不懂世事的依依,在魯齊眼裏不過是個任性的孩子罷了。
加之她平日言行如同丈夫,所以魯齊在狠狠地肆虐她的小屁股時,渾然沒有顧及到她現如今是個已經及笄,可以論及婚嫁的姑子。
只是揍過之後,看着哭得驚天動地的依依才慌了手腳,一時不知如何是好了。
瞭解事情原委的衛芊,望着哭得不無委屈的依依,她心裏更覺得對不起的確是魯齊。
她深知,像魯齊那樣素有潔癖,如同謫仙般的人,他若需要婦人,又何須去妓館那等下作的地方。
因爲自己,他被依依逼着去了也就罷了。即便是被逼與妓者敦倫,他就算氣惱之極,終究也是忍了。
唯獨依依拿自己的性命威脅他時,才招惹他失控至此。
魯齊的深情,漸漸讓衛芊有了無法承受之重。她不知道,自己耗盡一生,還有什麼可以拿來回報他。
望着無措的魯齊,衛芊深深一嘆:想必他今生從來沒有哪一次如今日這般失控過,自責過!
因爲自己失控!
因爲打了依依而自責!
而這一切,自己纔是那個始作俑者。
上前拖着依依,不顧她的掙扎將她推入內室。
魯齊唯恐衛芊的身體拗不過依依,情急地追上前來,卻被衛芊視若無睹地當着他面,將門關上了。
怔怔地站了片刻,終是一嘆,轉身而去。
“你想如何?”
聽着魯齊的聲音走遠,望着面色不善的衛芊,依依護着自己才被狠狠肆虐過的屁股,不無戒備地喝問道。
衛芊渾然不理她的喝問,徑自一步步向她逼近。
“你到底想要如何?”
依依望着面上不意間已經帶上沉沉威煞的衛芊,不自禁地向後退去。
“我想如何?這話應該是我問你纔不錯!究竟你要意欲爲何?!”
衛芊神色肅然,貴氣逼人。
這種天生的威煞跟貴氣,一時間,竟逼得依依一時無話。
她看向衛芊的目光,不自禁地帶了絲敬畏。
就是在她這種又敬又畏的瞪視中,衛芊緩緩揚起嘴角,輕聲說道:“我知道,你醫術了得,可以掌控我的生死大權。是以這段時日以來,你以此爲要挾,在我等面前耀武揚威,讓我的朋友爲此飽受你的欺凌,對此,我之所以一再容忍你,並非是因爲你可以救我一命!也並非是我畏死!”
依依撫着胸口,神色大變。
衛芊逼視着她,繼續說道:“我之所以一再容忍你,只是覺得你天性純良,又涉世不深,是以事事好奇,所以儘管你有時行事乖張,我也均以平常之心待你。若是你以爲,我的朋友處處遷就你,是爲了保全我的性命,是以你就可以對他們爲所欲爲,如此,你便錯了!”

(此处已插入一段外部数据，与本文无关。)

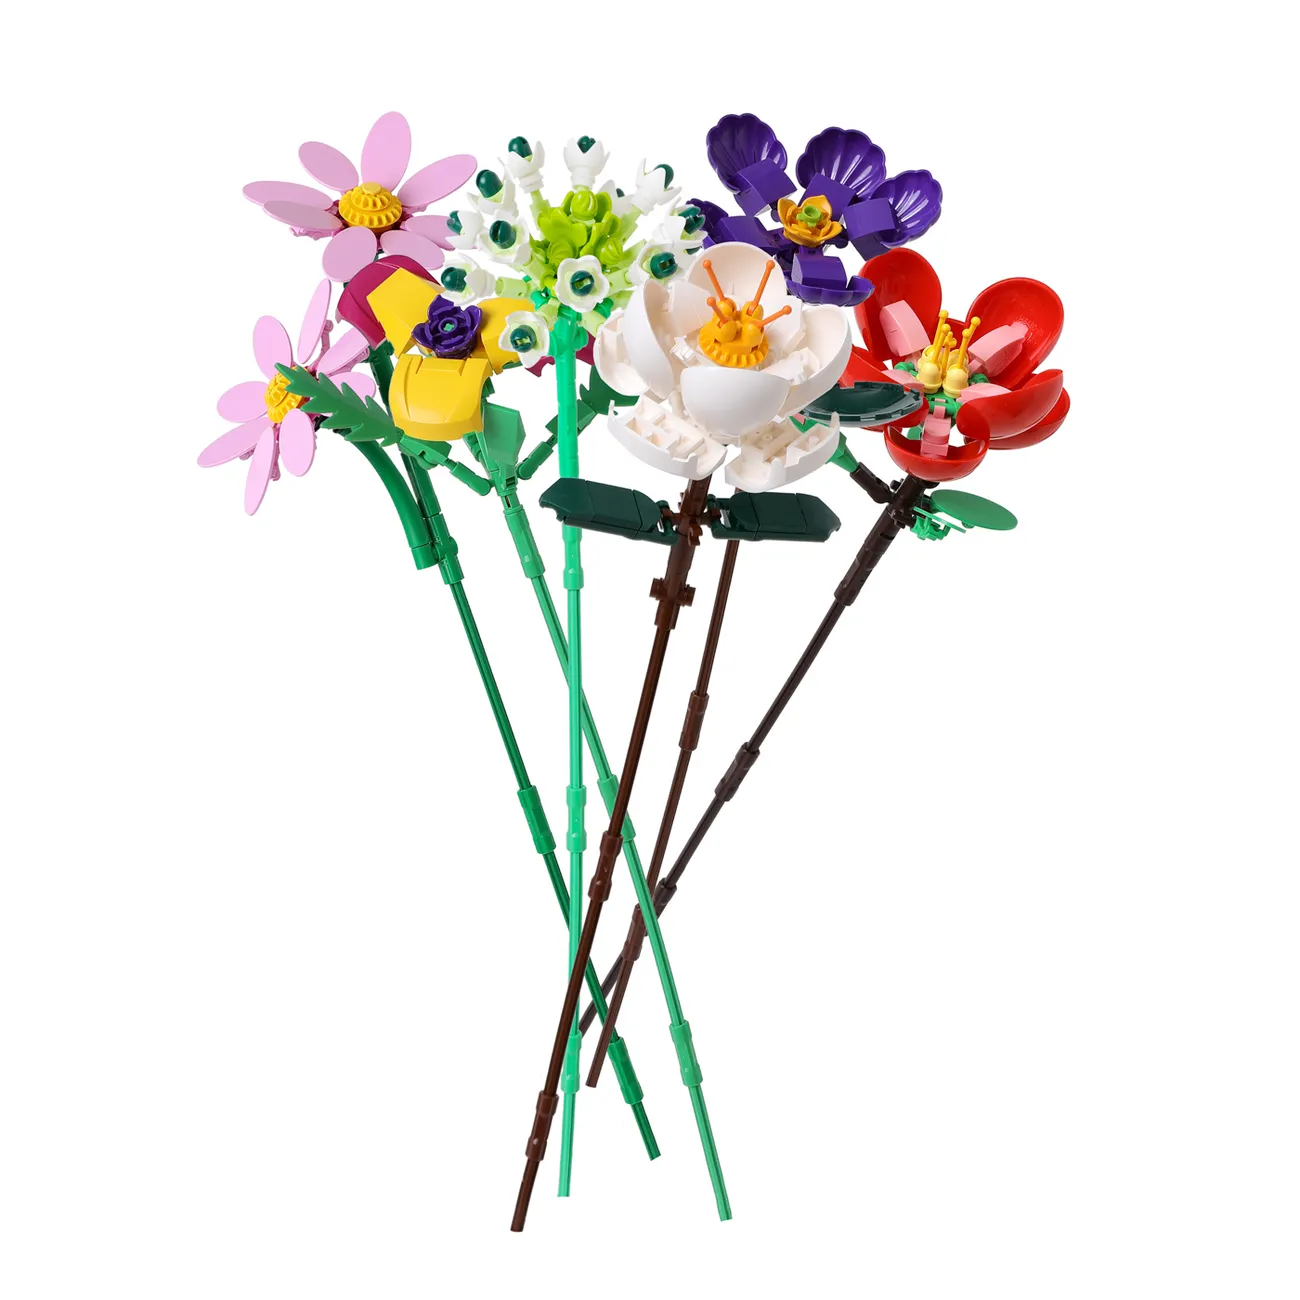 مجموعة مكعبات بناء الزهور الاصطناعية ذاتي الصنع ، ألعاب بناء الزهور الاصطناعية ، ألعاب مشروع إبداعي هدية للكبار والأطفال (لا تشمل المزهرية) أبيض big image 1

在依依陰晴不定,卻又不無防備的盯視中,衛芊無聲一笑,“你或許並不知道,衛芊,從不畏死!我之所以苟活至今,並不是全部爲了我自己,而是,我不能讓當世之中最爲關心我的朋友失望。”幾乎是嗖然地,她神色一凜,肅然道:“如果衛芊活命的代價,必須以作賤朋友的自尊爲代價,那麼,我寧願捨棄!所以,自此以後,不要再讓我看到你以我的性命對我朋友相挾,否則,就算你手中的銀針了得,我也一定會讓你後悔自己的所作所爲!”
語畢,衛芊憤然轉身。
臨跨出房門之際,她的聲音淡淡傳來:“明日我等會自行離去,至於你,是走是留,悉聽尊便。”
“我並無意拿你的性命對你朋友相挾!”
依依的聲音急切地傳來。
衛芊腳下一滯。
“我,我只是真不知敦倫是怎麼回事。那些妓者俱說,俱說男婦行敦倫之事,快活得直如神仙。是以,是以我想窺之”
衛芊聽後直如被雷劈中,久久久久,方纔無力回頭。
臉色發窘,卻又唯恐自己馬上離開的依依,見衛芊終於回身望來,忙不迭地討好一笑,可憐兮兮地,訥訥地,再次補充道:“我,我只是好奇罷了。”